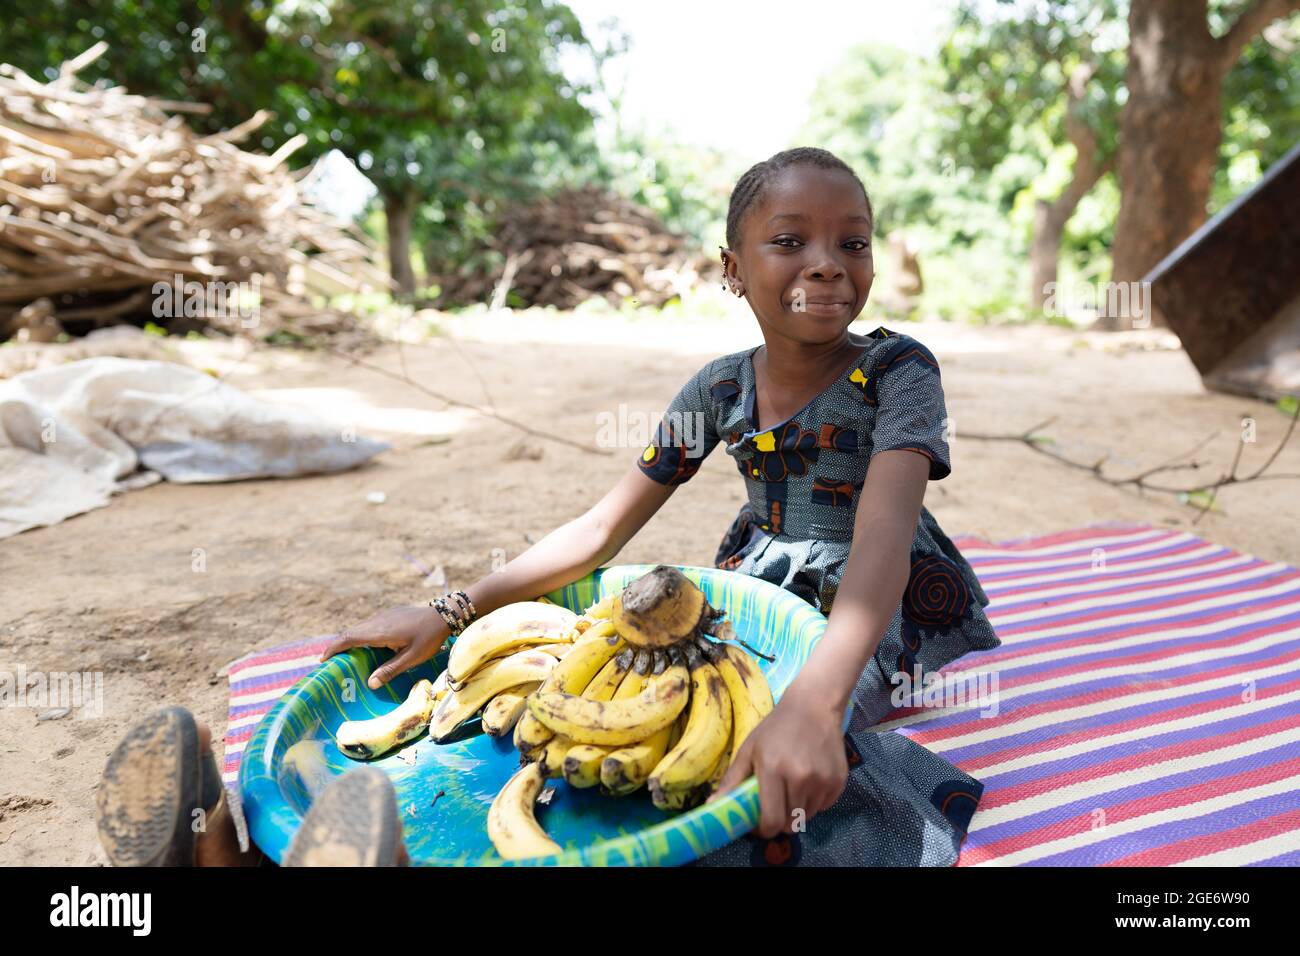 Pretty little African girl holding a big plate full of ripe bananas on her knees, smirking at camera Stock Photo
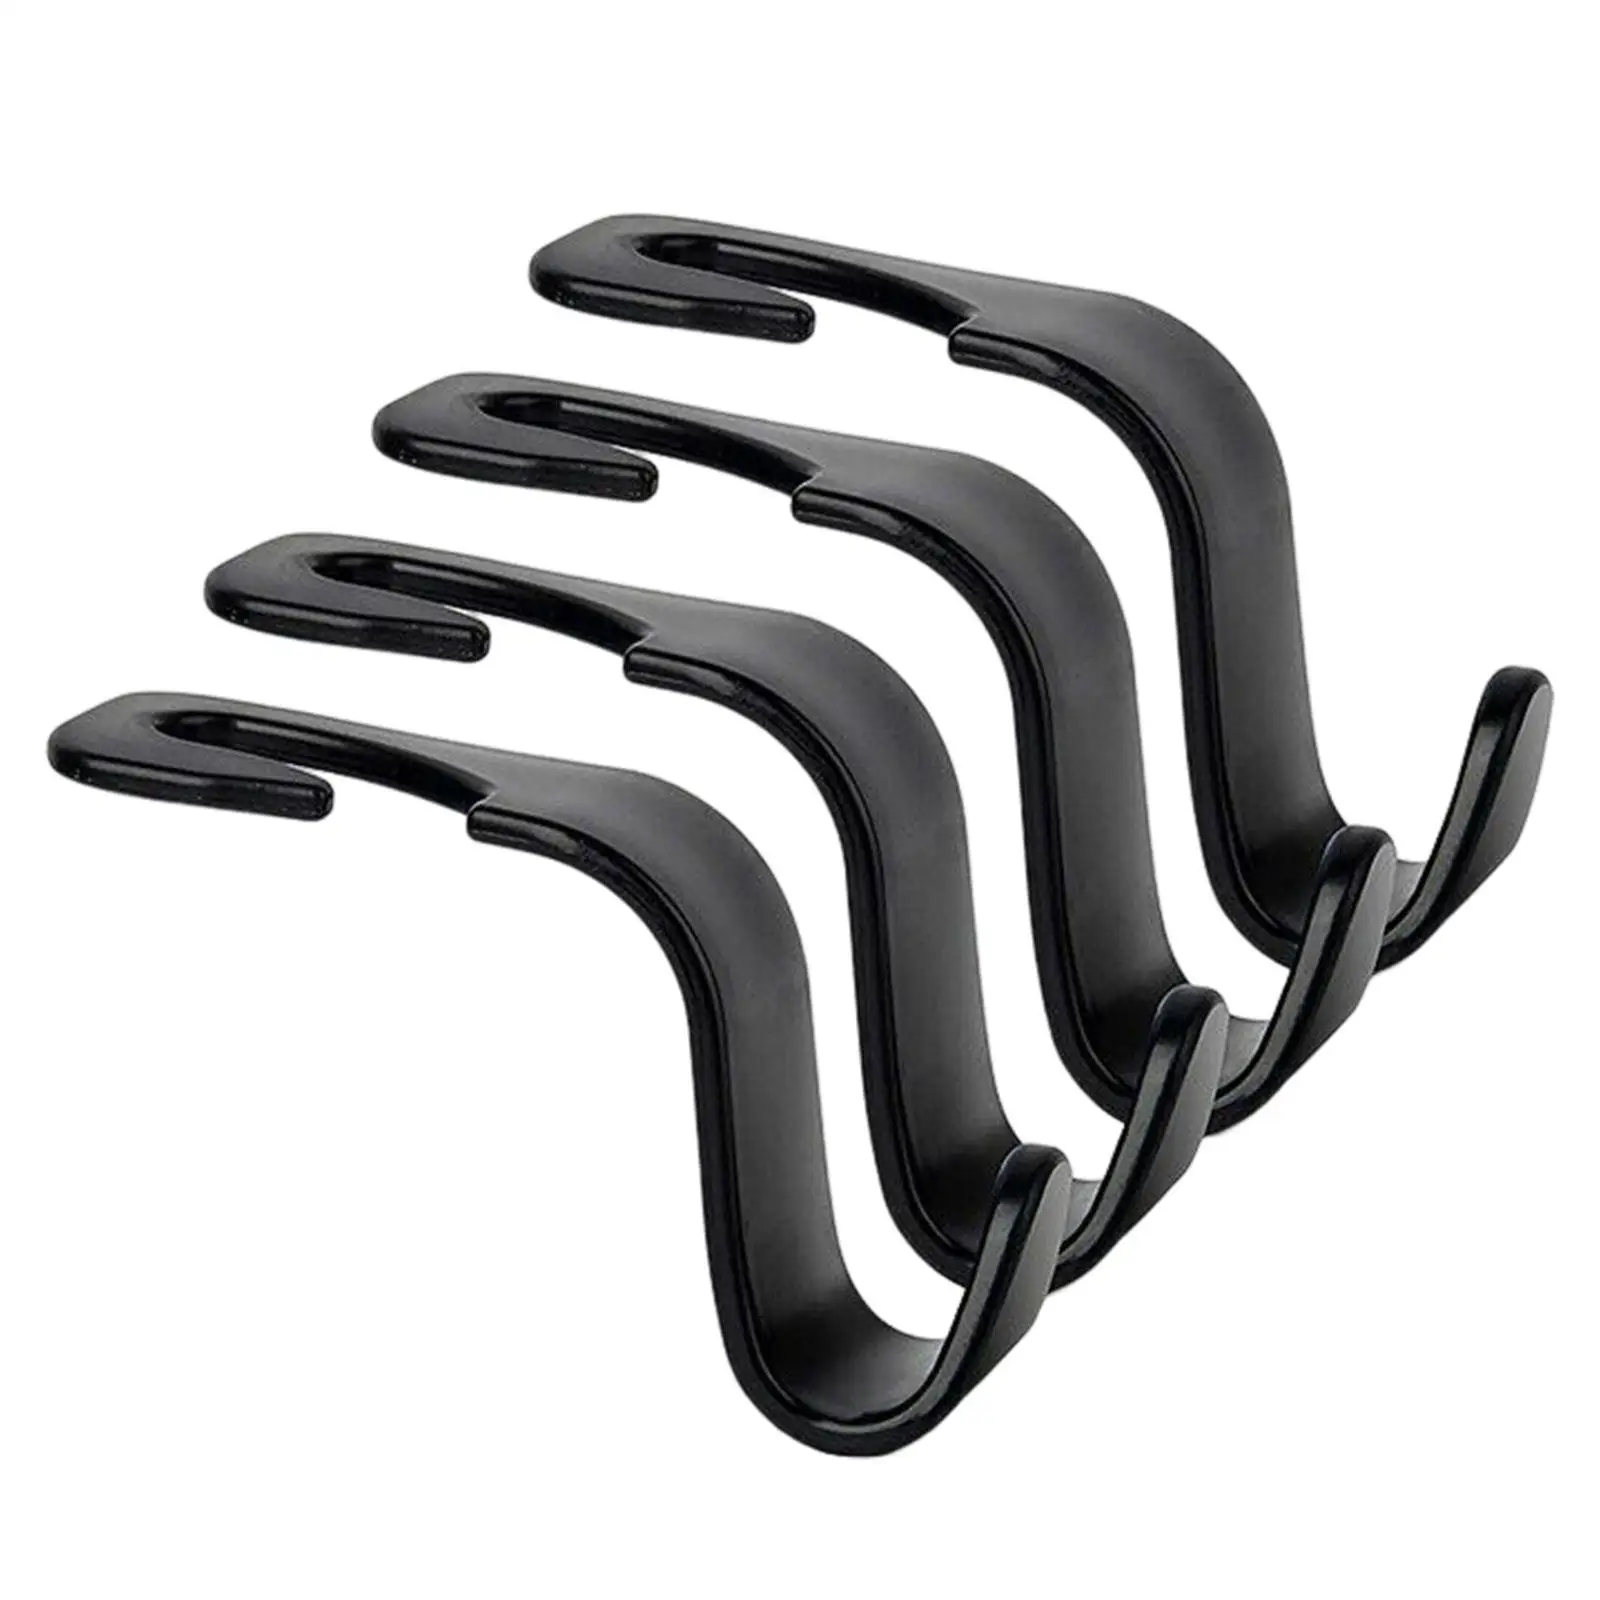 4 Pieces Car Truck Seat hook for headrest Keeping Interior Clean and Organized Sturdy Smooth
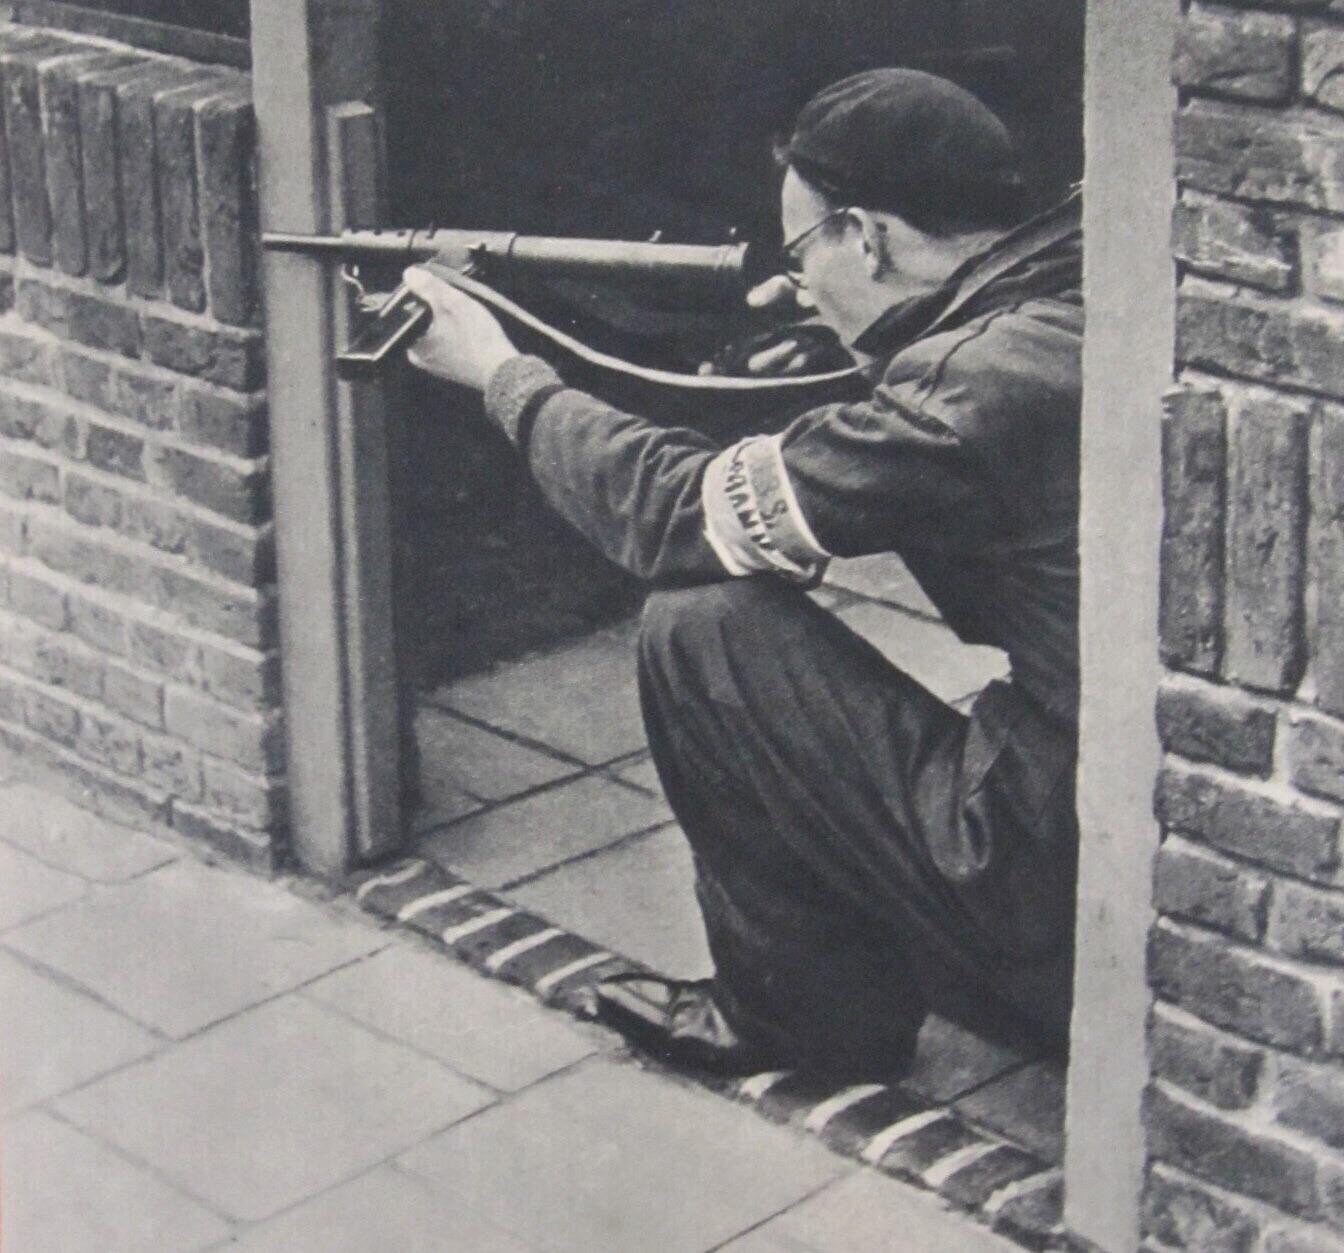 My grandfather, fighting for the Dutch resistance in Delft during WWII. He says he looks all cool but was actually shitting himself. ... and look at those shinie shoes!.jpg

ACTIVITY =>
Could the lines from the one with "4 Pieces Car" through the last line of the material above be written out exactly, both included, with pictures left out?

WRITTEN RESPONSE =>
 4 Pieces Car Truck Seat hook for headrest Keeping Interior Clean and Organized Sturdy Smooth
 My grandfather, fighting for the Dutch resistance in Delft during WWII. He says he looks all cool but was actually shitting himself. ... and look at those shinie shoes!.jpg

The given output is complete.